What the task asks
Return exactly the lines of the data below, from the one that contains "Magnolia bags" through the final line, and leave out every picture.

Dataset extract
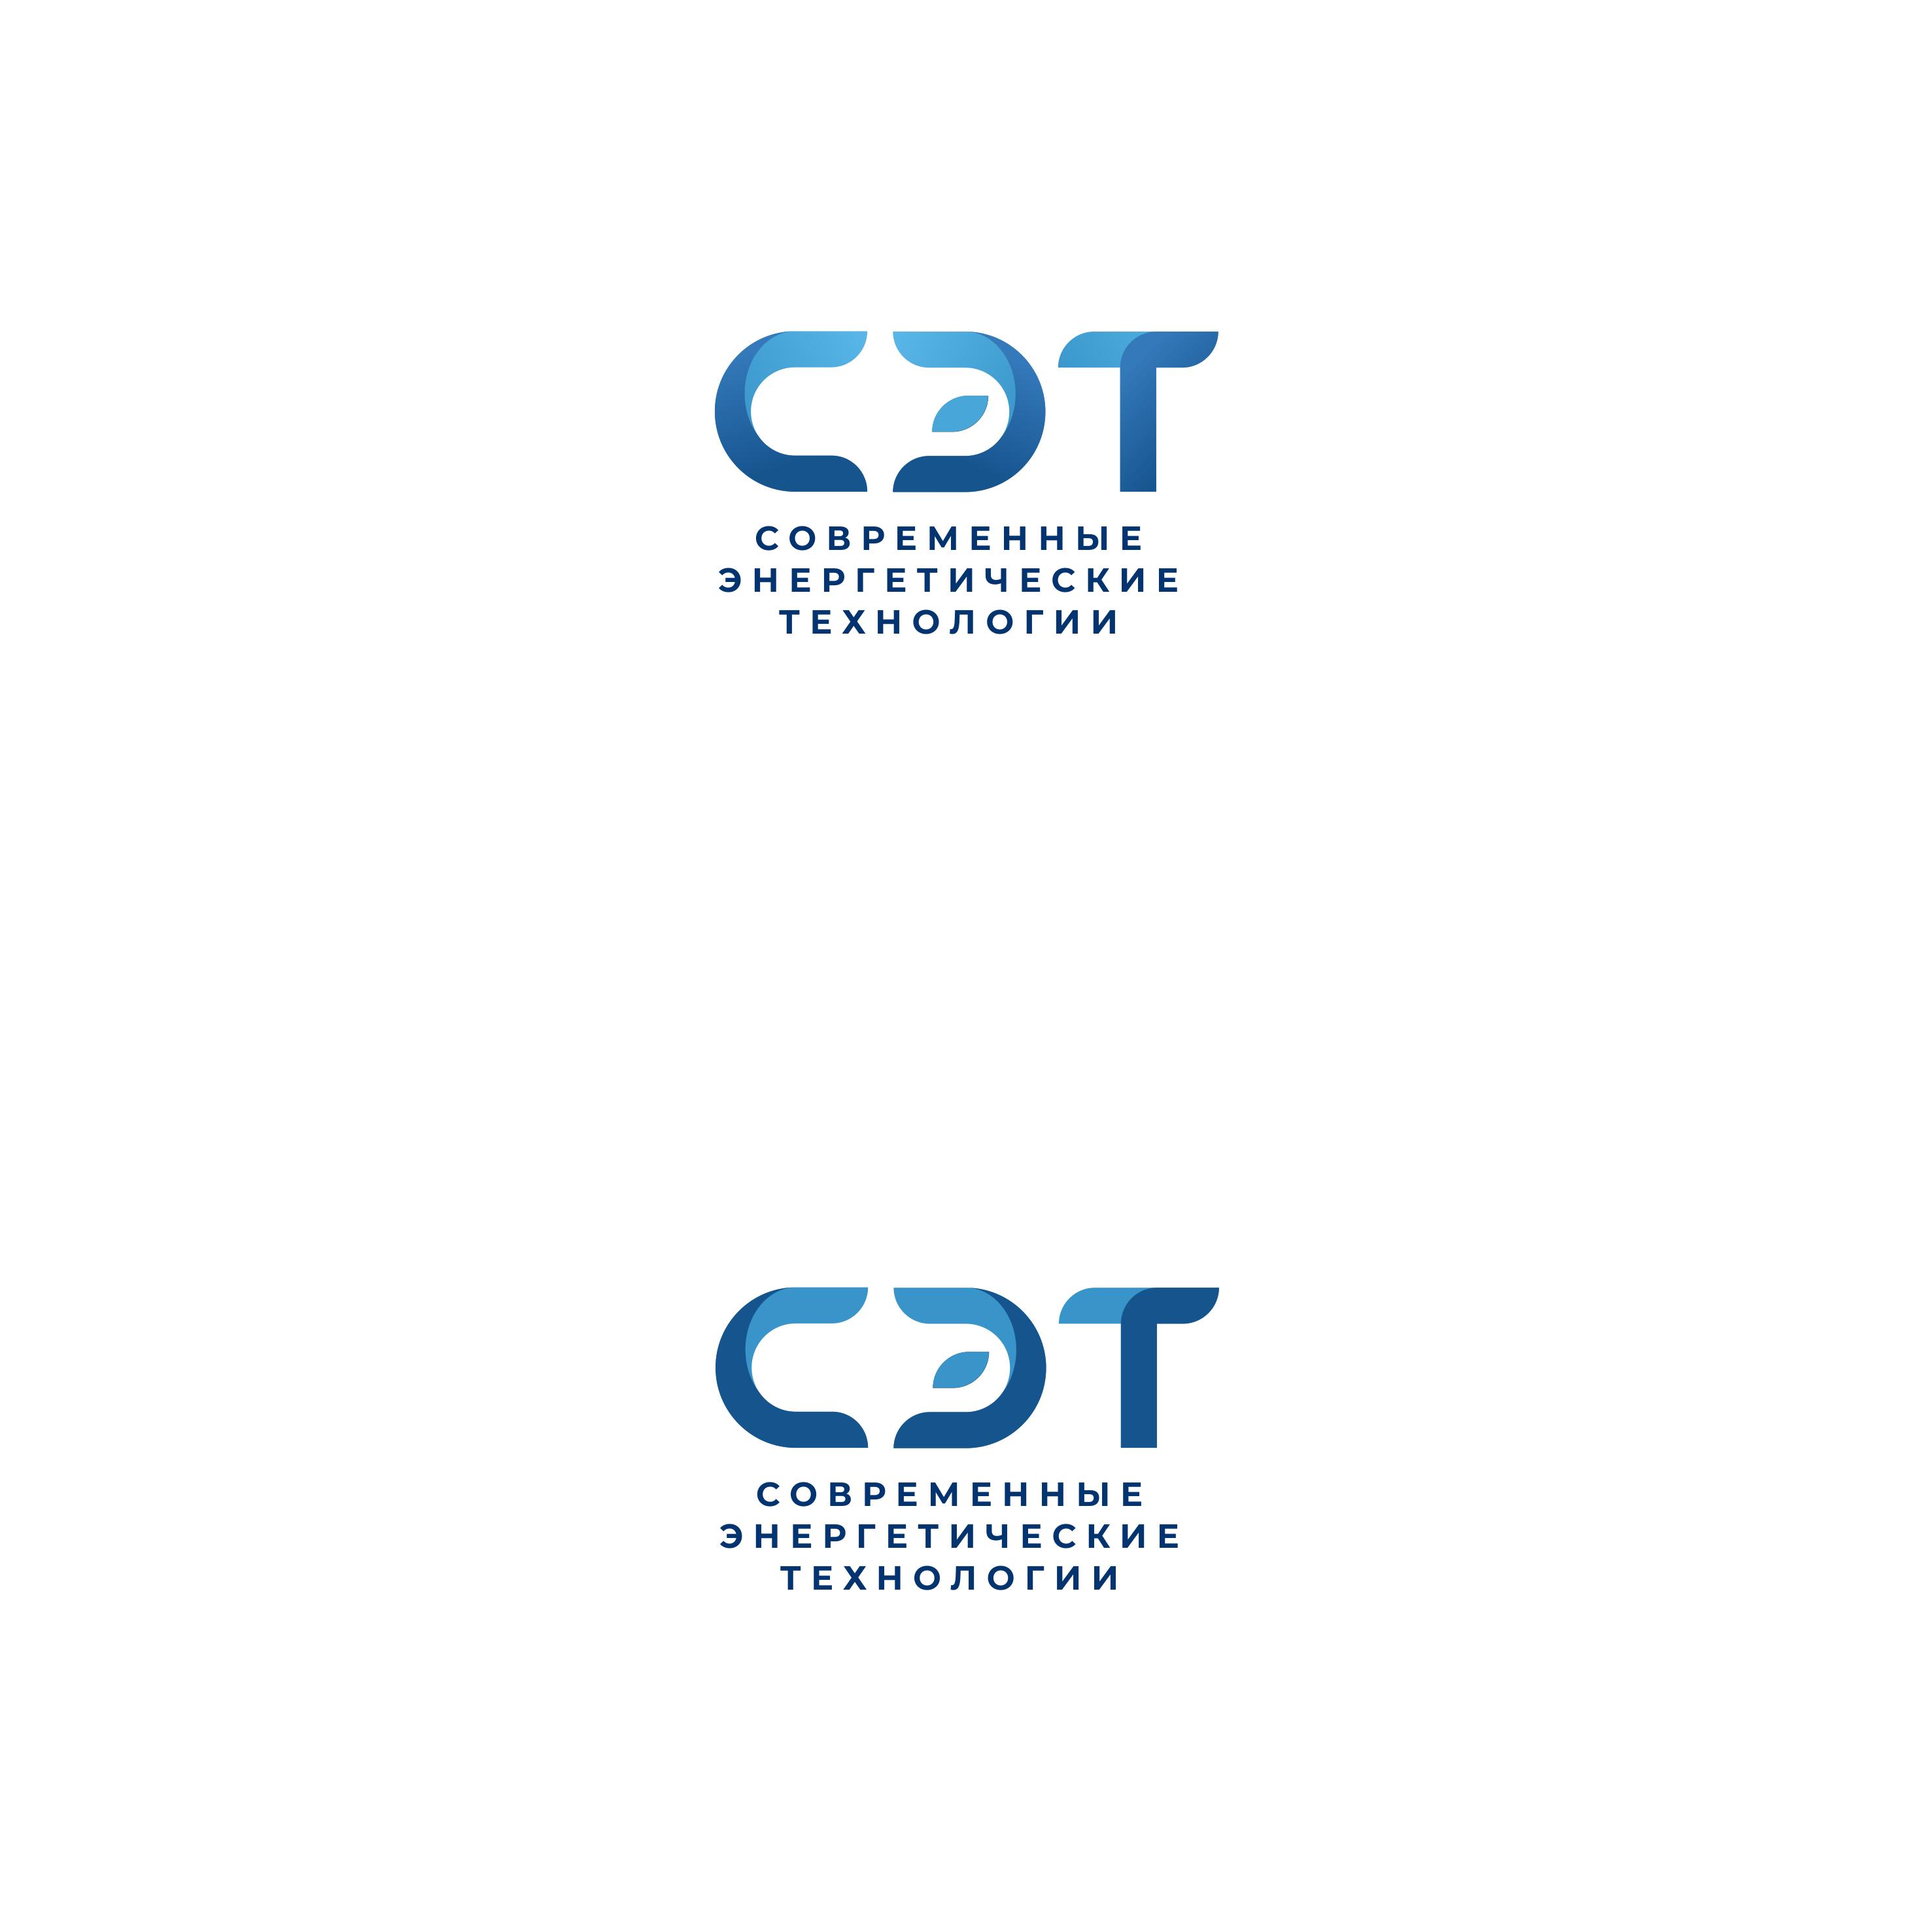 Срочно! Дизайн логотипа ООО «СЭТ» фото f_9585d4c72c98882d.png
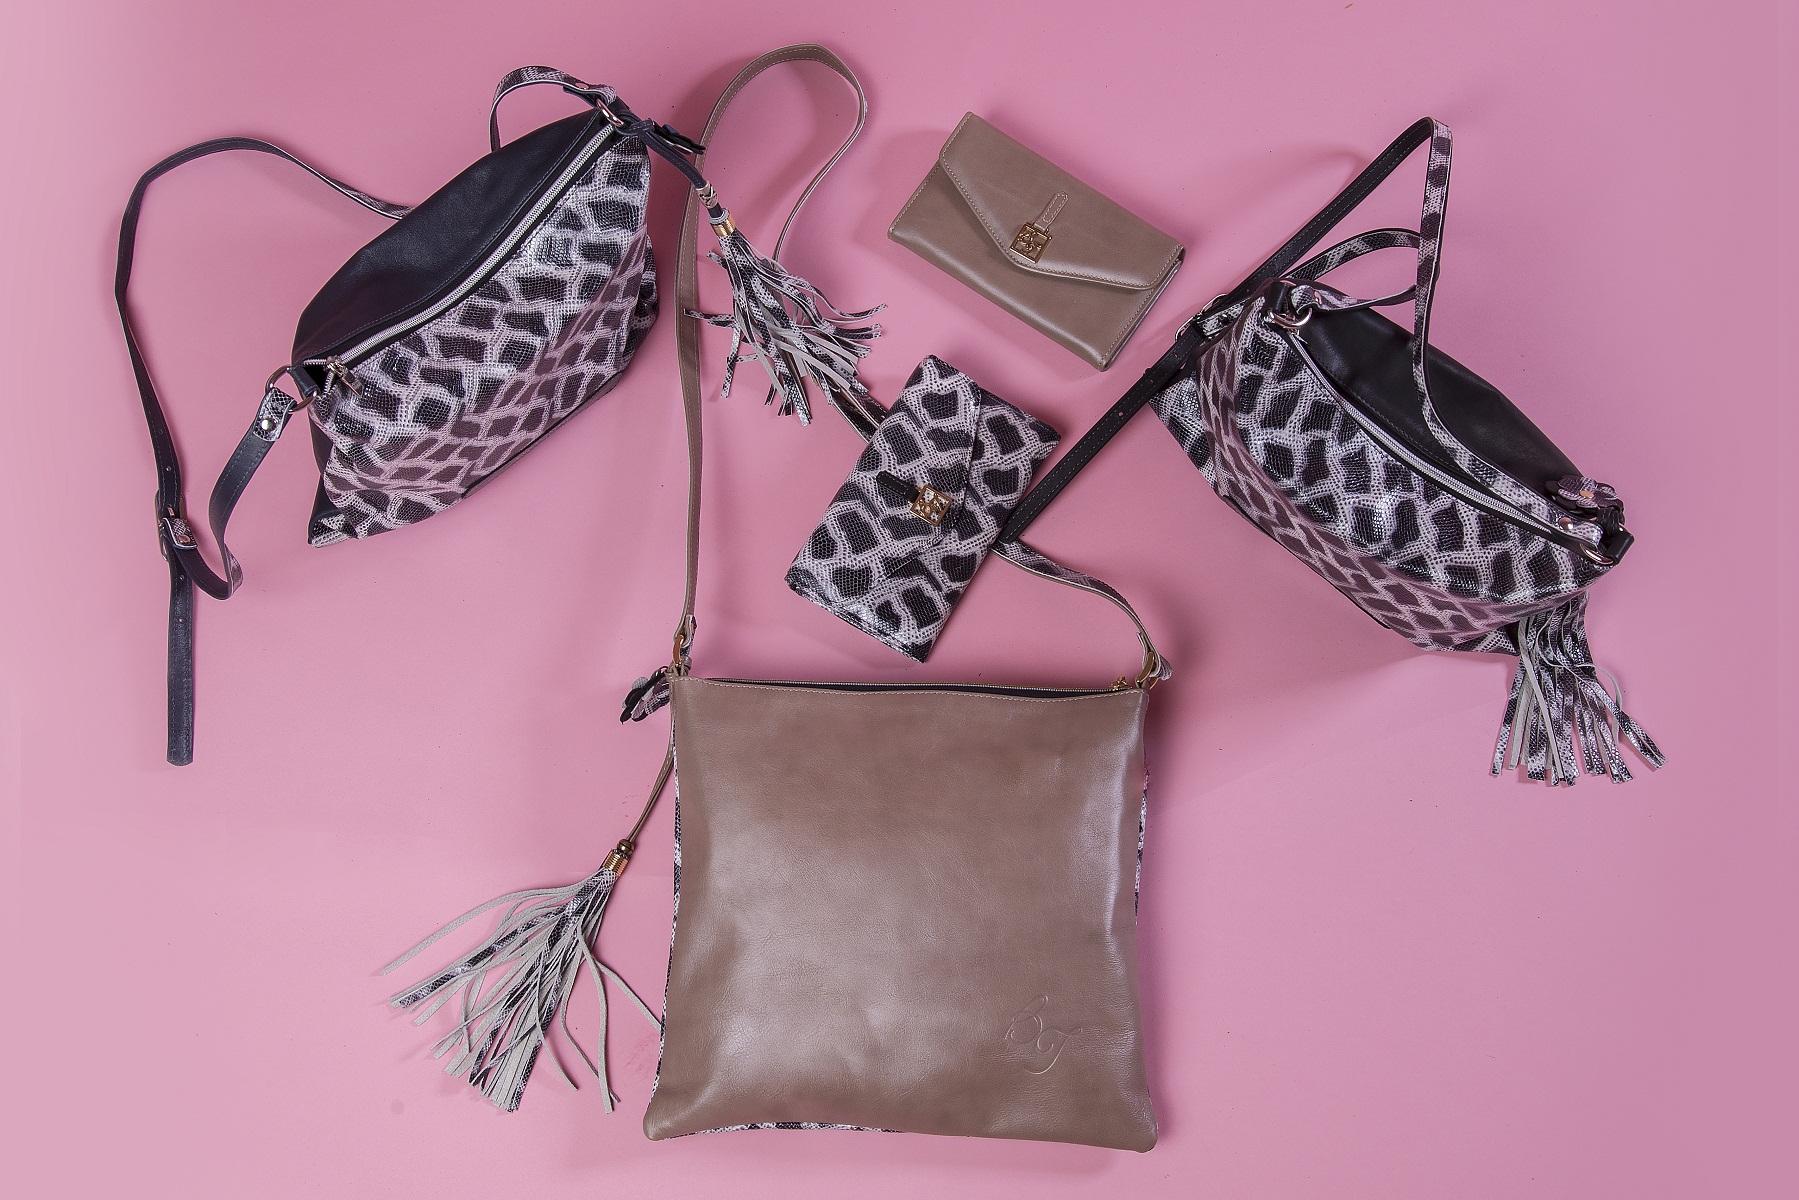 Magnolia bags
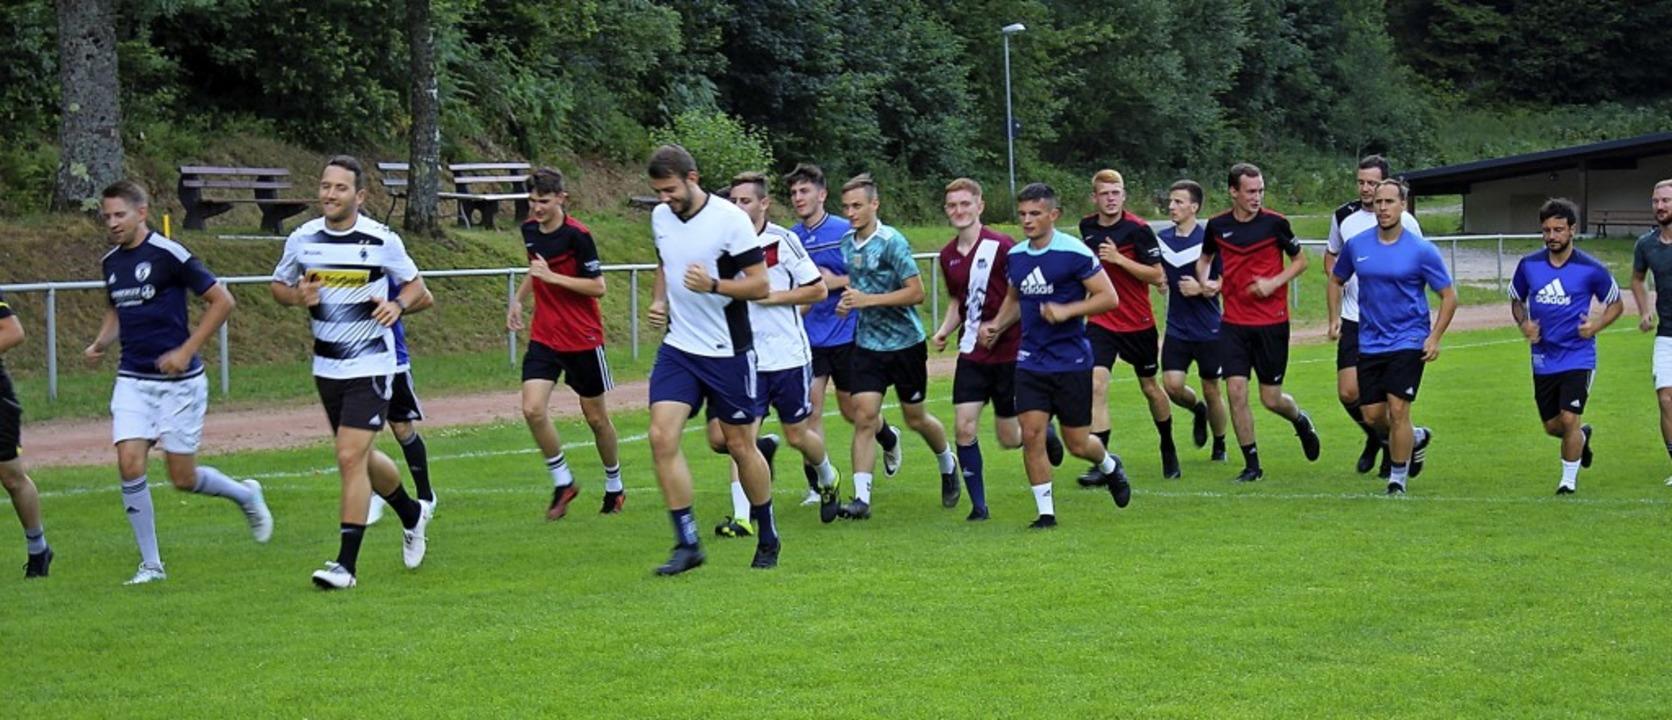 Das SG-Team beim Training auf dem Platz der Sportfreunde Obersimonswald     Foto: Karin Heiß

Expected answer
 Magnolia bags
 Das SG-Team beim Training auf dem Platz der Sportfreunde Obersimonswald     Foto: Karin Heiß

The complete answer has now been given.